The trestle tower was replaced in 1905 with a thirty-four-foot mast topped with a platform from which a lens lantern was displayed. Andersen remained keeper of Kanahena Light until his passing in 1910, when his wife assumed responsibility for the beacon, making the six-mile roundtrip trek each morning and night. Charles K. Akana became keeper of the light in October 1910.
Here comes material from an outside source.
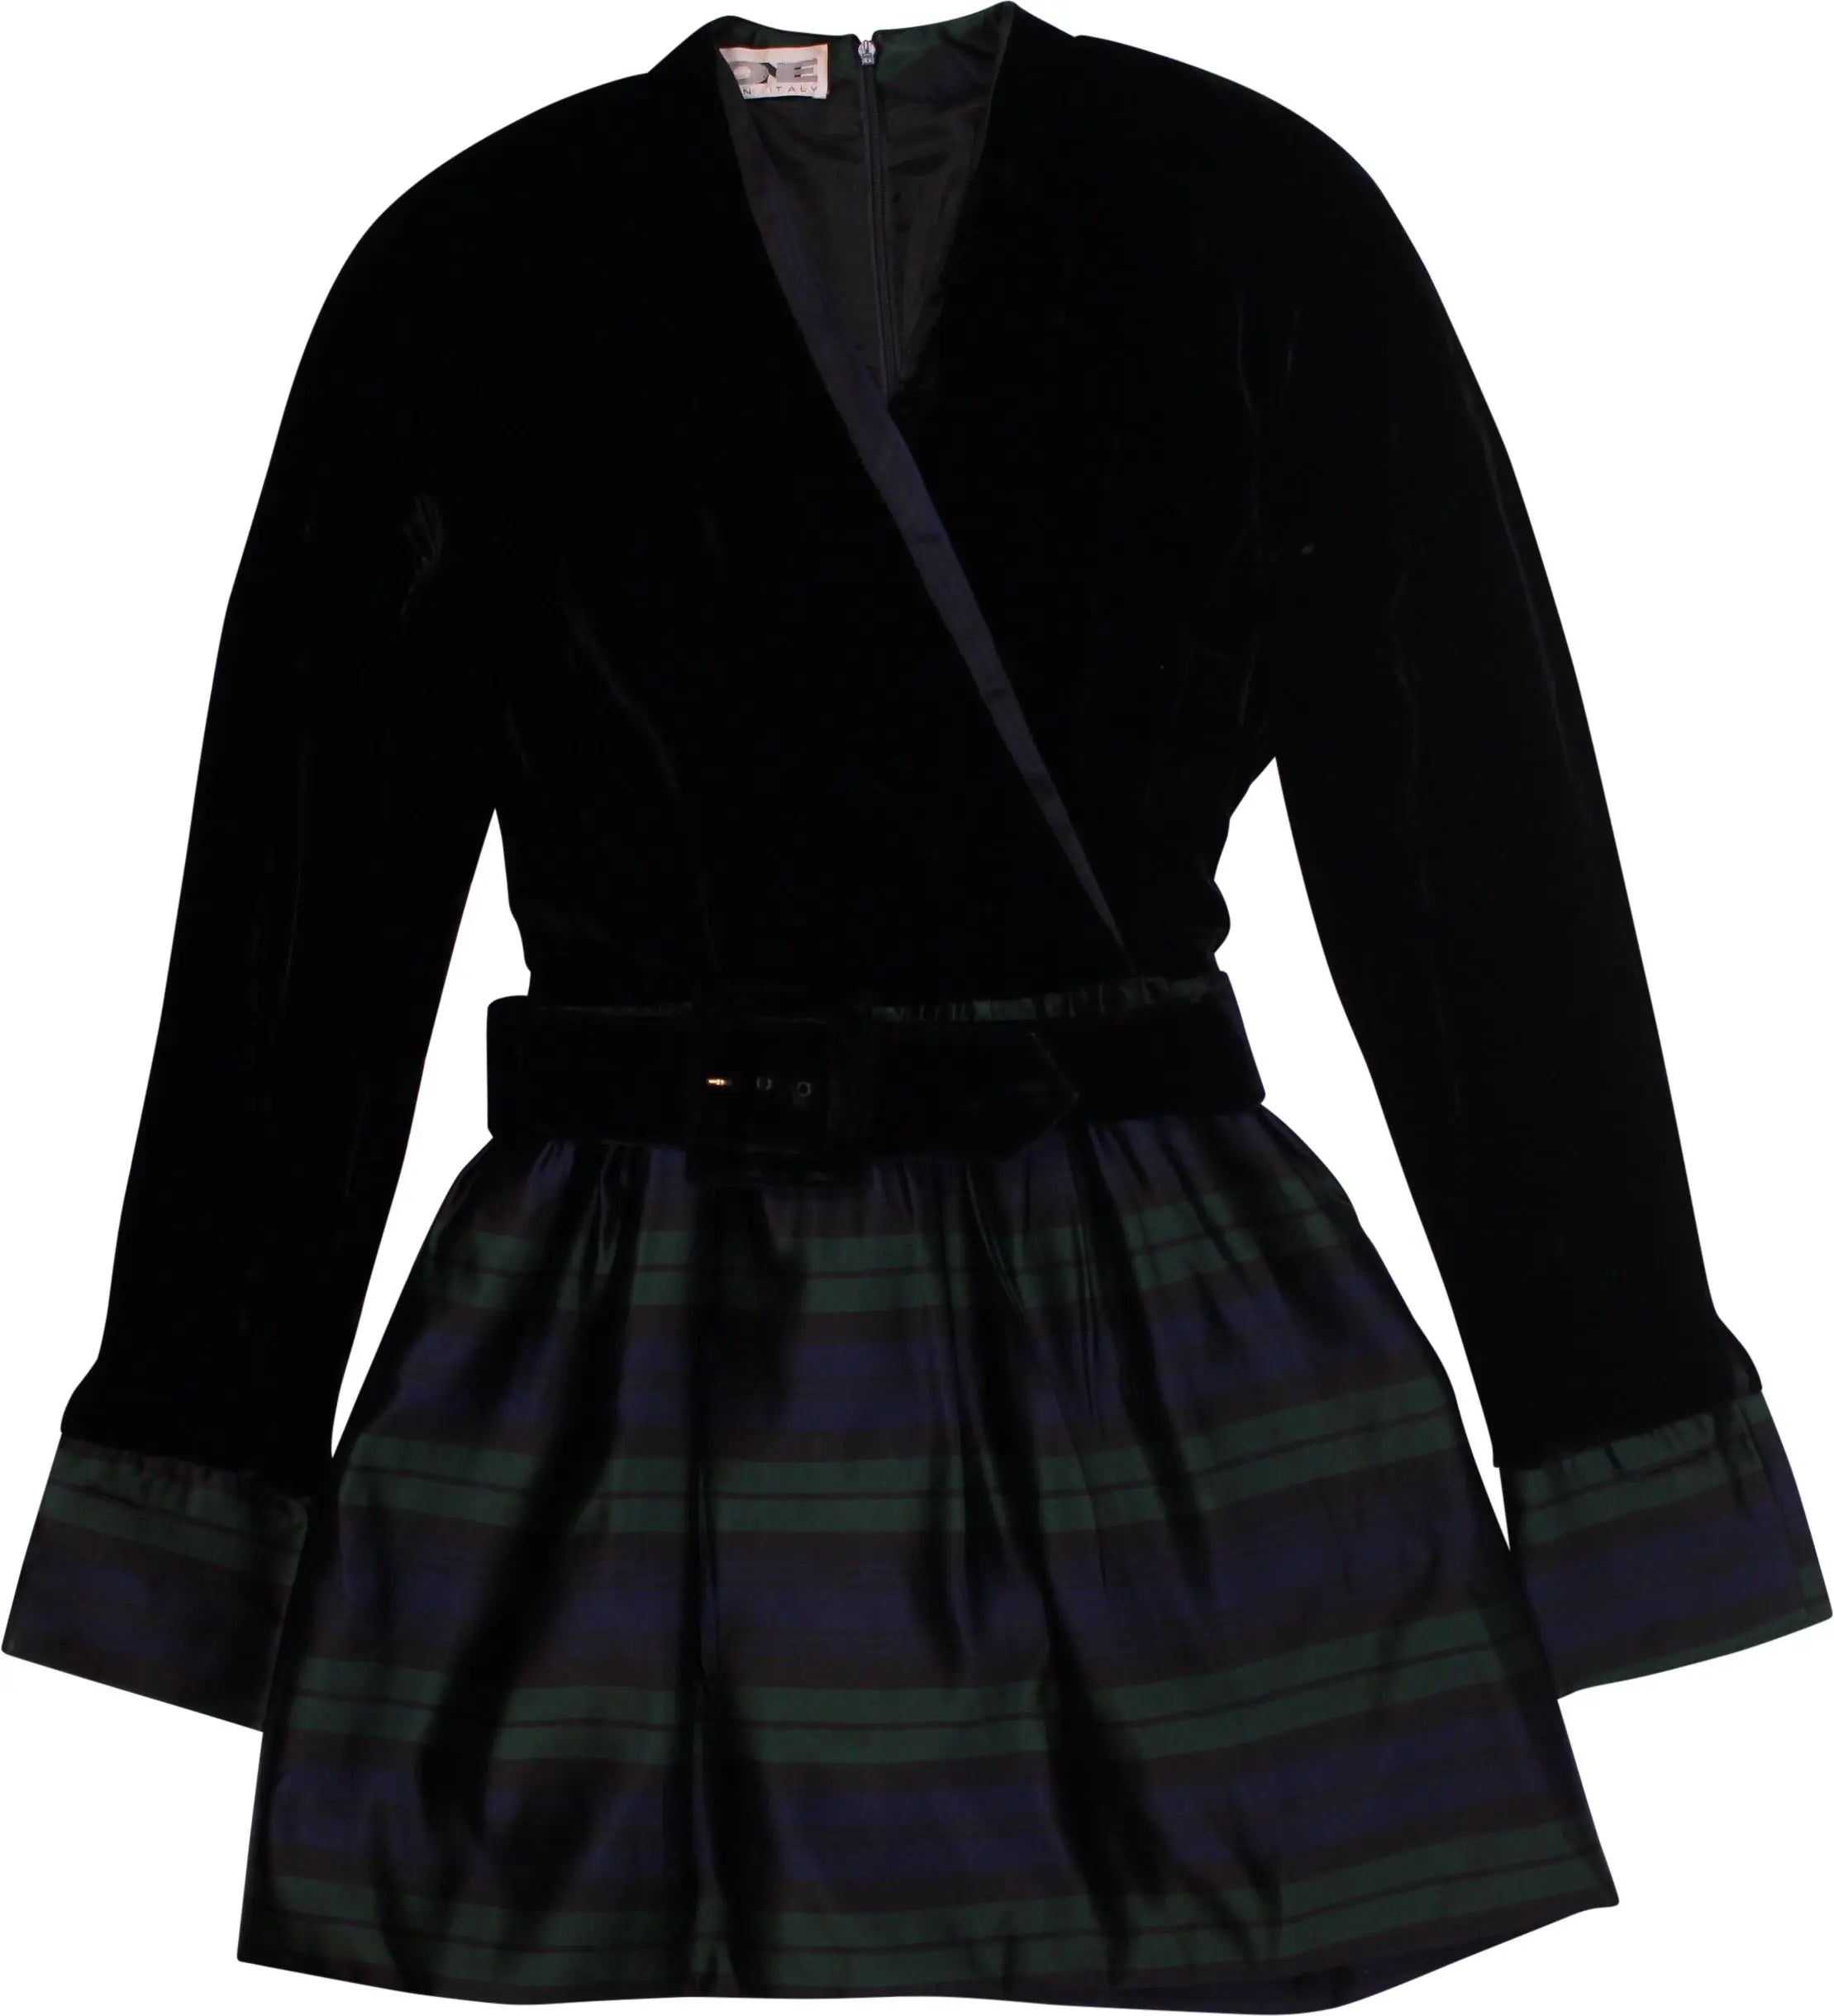 Leone - Velvet Belted Dress- ThriftTale.com - Vintage and second handclothing

Both the Makena and Kanahena Lights were discontinued in 1918 when the Hanamanioa Light was established on the southeast point of La Perouse Bay. This new tower was a pyramidal tower of reinforced concrete, like the surviving tower at Lahaina, and had a focal plane of seventy-three feet above the water. The light, run on acetylene, was automated from the beginning and a wooden derrick was built near the site to facilitate the landing of acetylene tanks and supplies at the cape.
Head Keepers: John Andersen (1884 – 1910), Mrs. John Andersen (1910), Peter W. Simeona, Jr. (1910), Charles K. Akana (1910 – 1913), Charles K. Akana (1915), Peter Kamano (1916 – 1918).